Our study revealed that Gd-improvement evaluated not only by the RANO criteria but also by neuroradiologist’s impression can predict the outcome of unresectable GBM treated with BEV-combined regimen. In addition, the extent of GD-SPPD improvement correlated with significant outcome impact ranging from 20 to 50%, similar to the GD-IP and GD-SPPD thresholds. In other words, OS prolongation can be predicted even in cases when GD-improvement is insufficient to determine PR according to the RANO criteria. These results indicated that, for outcome prediction, evaluation by a neuroradiologist hinted at a clinically appropriate response judgment of BEV-combined treatment for nd-GBM. The criteria of radiographic response by measuring contrast-enhancement lesions have been consistently used from the Macdonald criteria to the RANO criteria [12, 13]. McDonald's standard was created based on the WHO oncology response criteria, which is a general diagnostic imaging standard for solid tumors [33]; therefore, the measurement protocol for contrast-enhancement lesions has not been changed for more than 20 years. Our results propose the possibility that some patients evaluated as SD by the RANO criteria may have a good prognosis and suggest an alternative threshold value for identifying the group with a good prognosis [26].

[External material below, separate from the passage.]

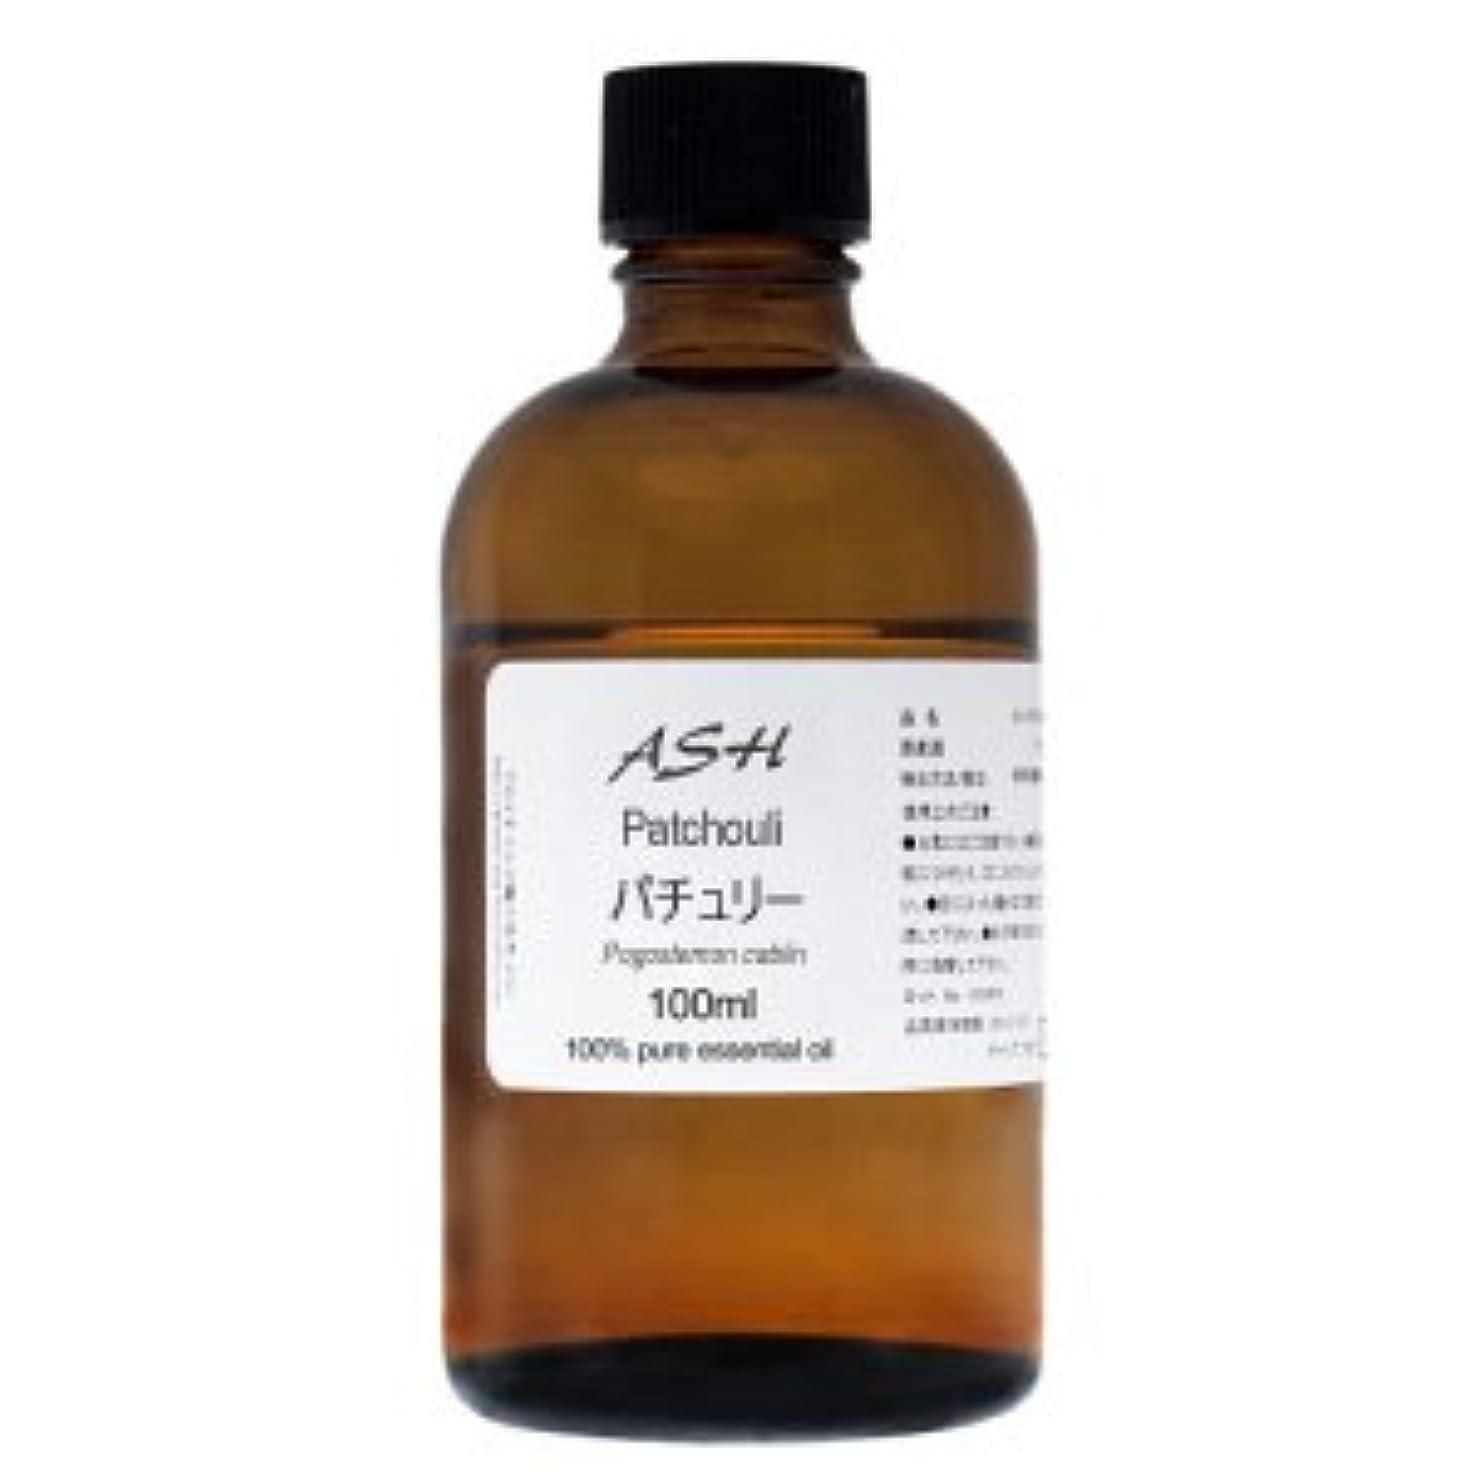 スポーツをする自発的桁ASH パチュリー エッセンシャルオイル 100ml AEAJ表示基準適合認定精油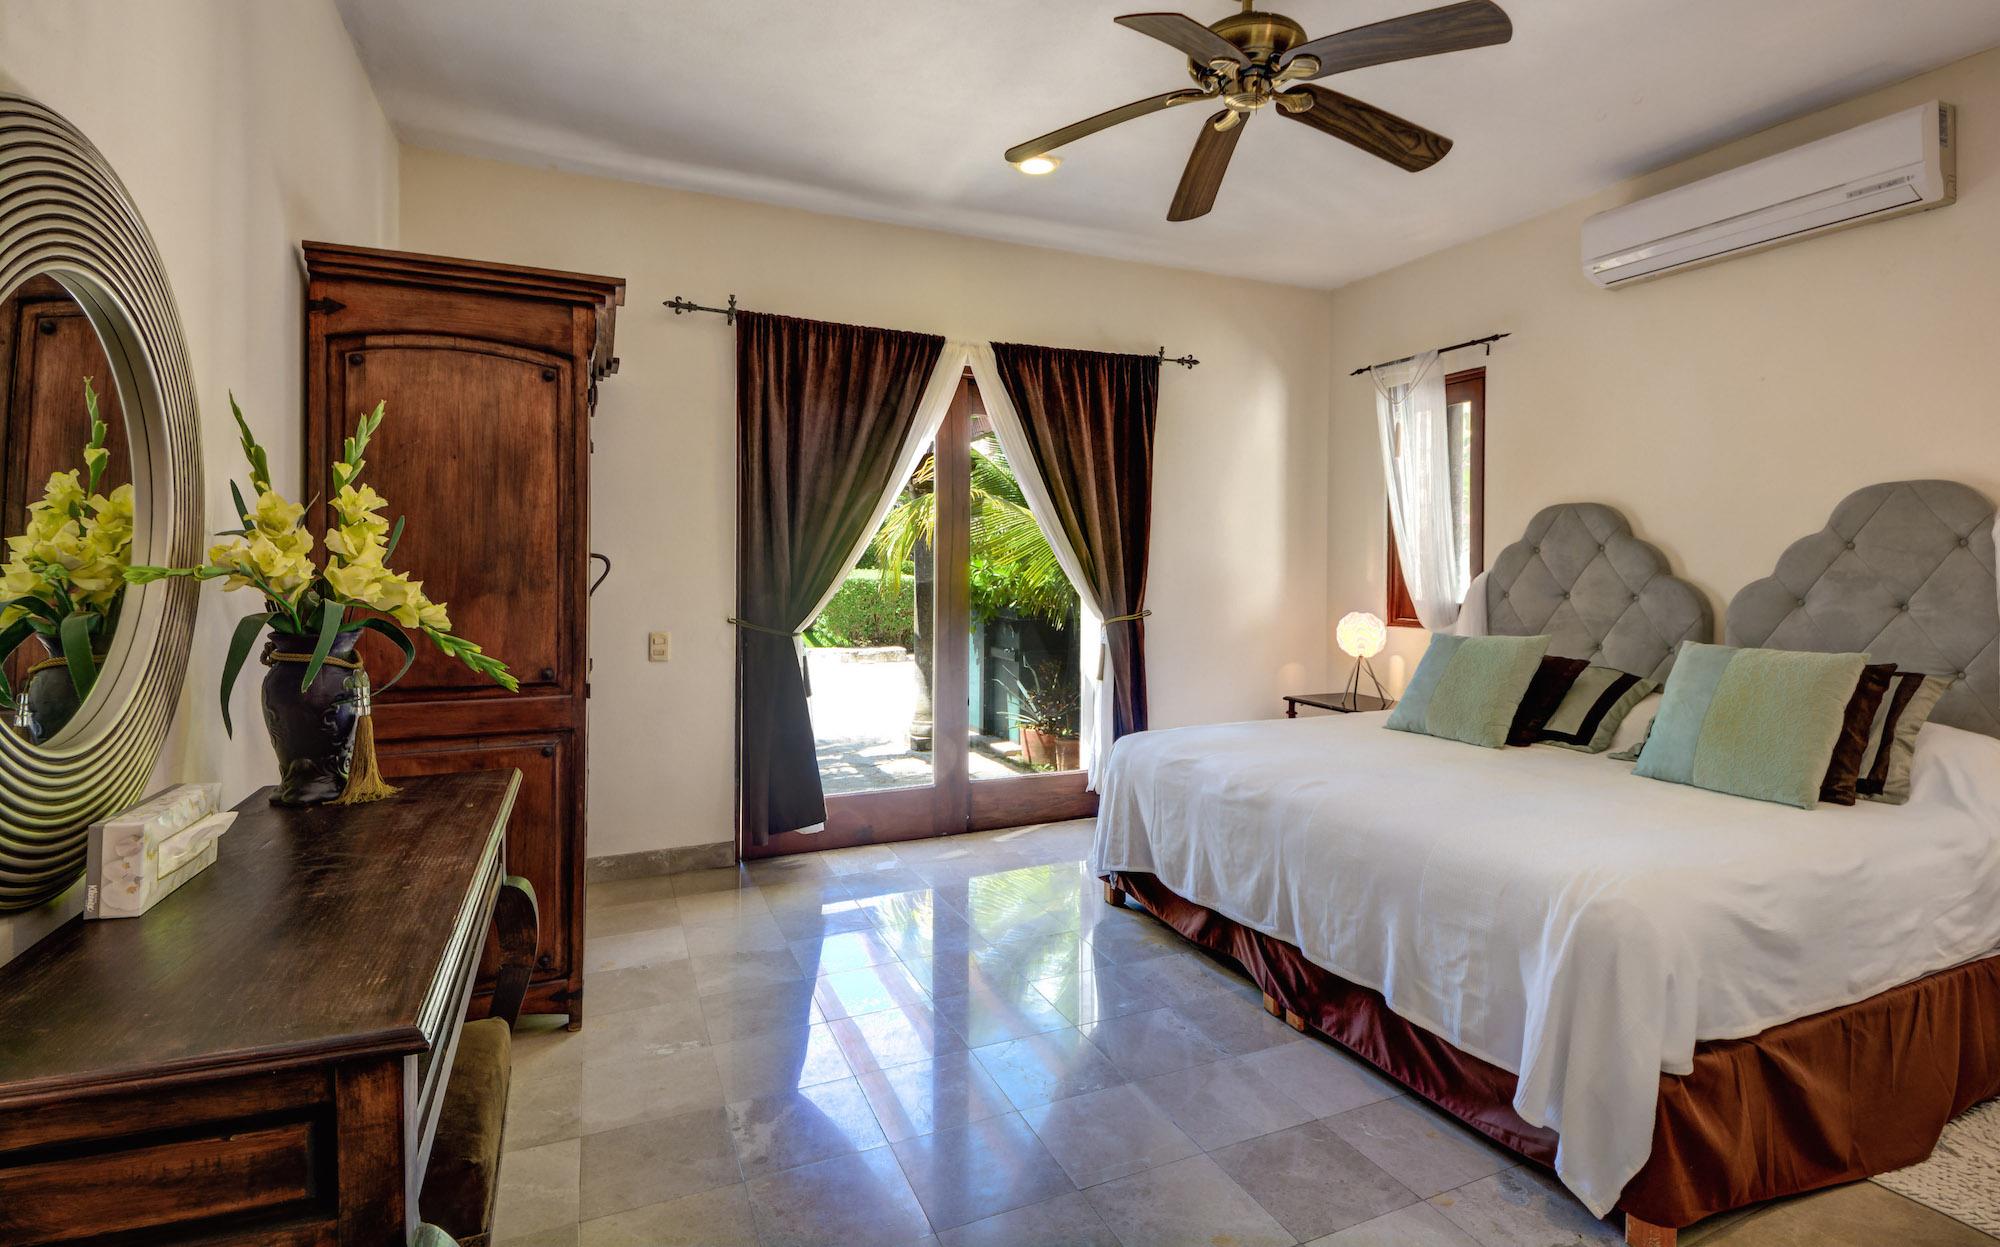 Villa Azurro_yourescape_Playa_del_Carmen_Riviera_Maya_Mexico_24

Our study has several limitations. First, this was a single-center, non-randomized, retrospective study that included a small number of patients. Hence, our results should be verified in a larger cohort. As first-line BEV for GBM has not been approved outside of Japan, a multi-institutional clinical study involving several Japanese facilities is desirable. Second, subsequent treatments were inconsistent among the enrolled patients, which might have affected the outcome. Third, the analyzed image sequences were limited to only DWI, Gd, and FLAIR, and other sequences such as rCBV may be more significant predictors. Fourth, while there existed a correlation between the extent of GD-improvement and outcome, how the background bioactivity attributed to such a relationship was unclear. In the present study, univariate analysis for molecular markers revealed an unmethylated MGMT status, and CDKN2A homozygous deletion showed a trend toward poor prognosis. Our recent study also reported that MGMT and CDKN2A status could stratify Japanese GBM patients into three race-specific groups with different prognoses [26]. Further accumulation of studies including molecular-genetic signatures and evidence beyond real-clinic data are warranted to evaluate the significance of image changes during BEV-included regimens for unresectable GBM.

Conclusions

We examined the radiographic response in multiple MRI sequences (FLAIR, Gd-SPPD, and DWI) in patients with unresectable nd-GBM treated with BEV-including chemoradiotherapy and proved that the Gd-SPPD improvement group showed a significant prolongation of OS. Furthermore, the OS impact was significant even with less strict judgment of radiographic response compared with that of the RANO criteria. This raised the possibility that some patients evaluated as SD by the RANO criteria may have a good prognosis, and the interpretation of neuroradiologists likely hinted at an alternative evaluation for outcome prediction.